Heart Healthy Nuts

Heart Healthy Nuts

Most people know that nuts are a better-for-you snack option. Many studies have shown that nuts provide various health benefits — especially in regards to reducing heart disease risk factors. Studies have shown that adding 30 grams per day of nuts to a Mediterranean diet lowers risk of heart disease by 30 percent.

Though they’re usually high in fat, it’s the healthy type of fat. The best nuts to lower your cholesterol have the highest amounts of unsaturated fats and the lowest amount of saturated fats.  Eating tree nuts is associated with lower waist circumference, body mass index and blood pressure. It’s important to keep these things under control to help prevent heart disease.

Since June is Men's Health Month, we’re featuring some of our favorite nuts with heart healthy benefits:


Research by highly-respected scientific and clinical experts has continued to reveal that walnuts are truly a “Super Food.” Walnuts are loaded with essential Omega-3s that can help reduce the potential for hear t disease, cancer, stroke, diabetes, high blood pressure, obesity and clinical depression. They are also an excellent source of fiber, magnesium, protein, and phosphorus, as well as the antioxidant selenium. Eating raw walnuts is one of the easiest things a person can do to improve their health.



Some people avoid pecans because they are often associated with indulgent desserts, but on their own, pecans offer unique nutritional perks, including high levels of antioxidants that have been tied to heart benefits. Pecans are rich in fiber which boosts the health of your heart by reducing the risk of coronary heart disease. They are also full of magnesium which is known for its anti-inflammatory benefits and to help lower blood pressure.



Peanuts are heart-healthy, which may surprise people since they are legumes and not tree nuts. Peanuts contain high amounts of unsaturated fat and lower amounts of saturated fat. Peanuts are also a good source of protein and have zero cholesterol.


Pine Nuts

Pine nuts are high in beneficial monounsaturated fats, magnesium and vitamin E, which work together to protect the heart. Pine nuts also naturally contain plant sterols, a compound that can help lower low-density lipoprotein (LDL) cholesterol levels.


Macadamia Nuts

The uniquely flavorful and creamy taste of a raw macadamia nut is one-of-a-kind. They are loaded with protein and calcium. Macadamia nut oil contains Omega-3, known to reduce the risk of heart disease and high blood pressure.

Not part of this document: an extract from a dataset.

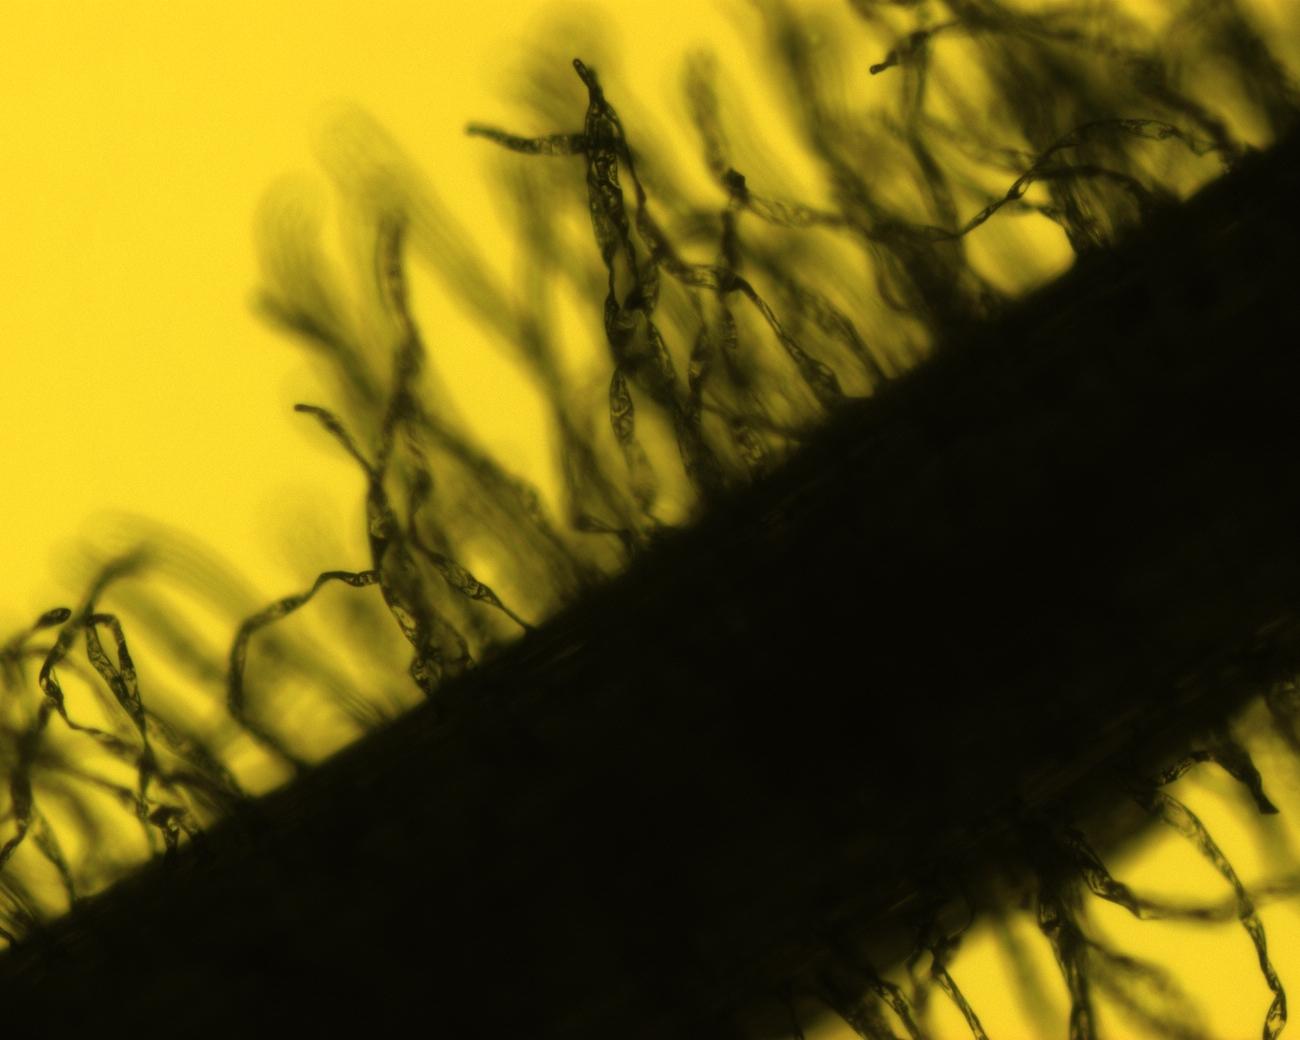 Z. formosa seedling root 4x 3.jpg

Almonds are one of the world’s most nutritious and versatile nuts, renowned for their many health benefits and culinary uses. They provide a healthy snack that’s packed with protein, fiber, calcium, zinc, and antioxidants. Medical research also shows that raw almonds can lower the risk of heart problems since they’re a good source of monounsaturated fats.



Cashew nuts, like all nuts, are an excellent source of protein and fiber. They are rich in monounsaturated fat which may help protect the heart too. Cashews are also a good source of potassium, a variety of B vitamins and folate.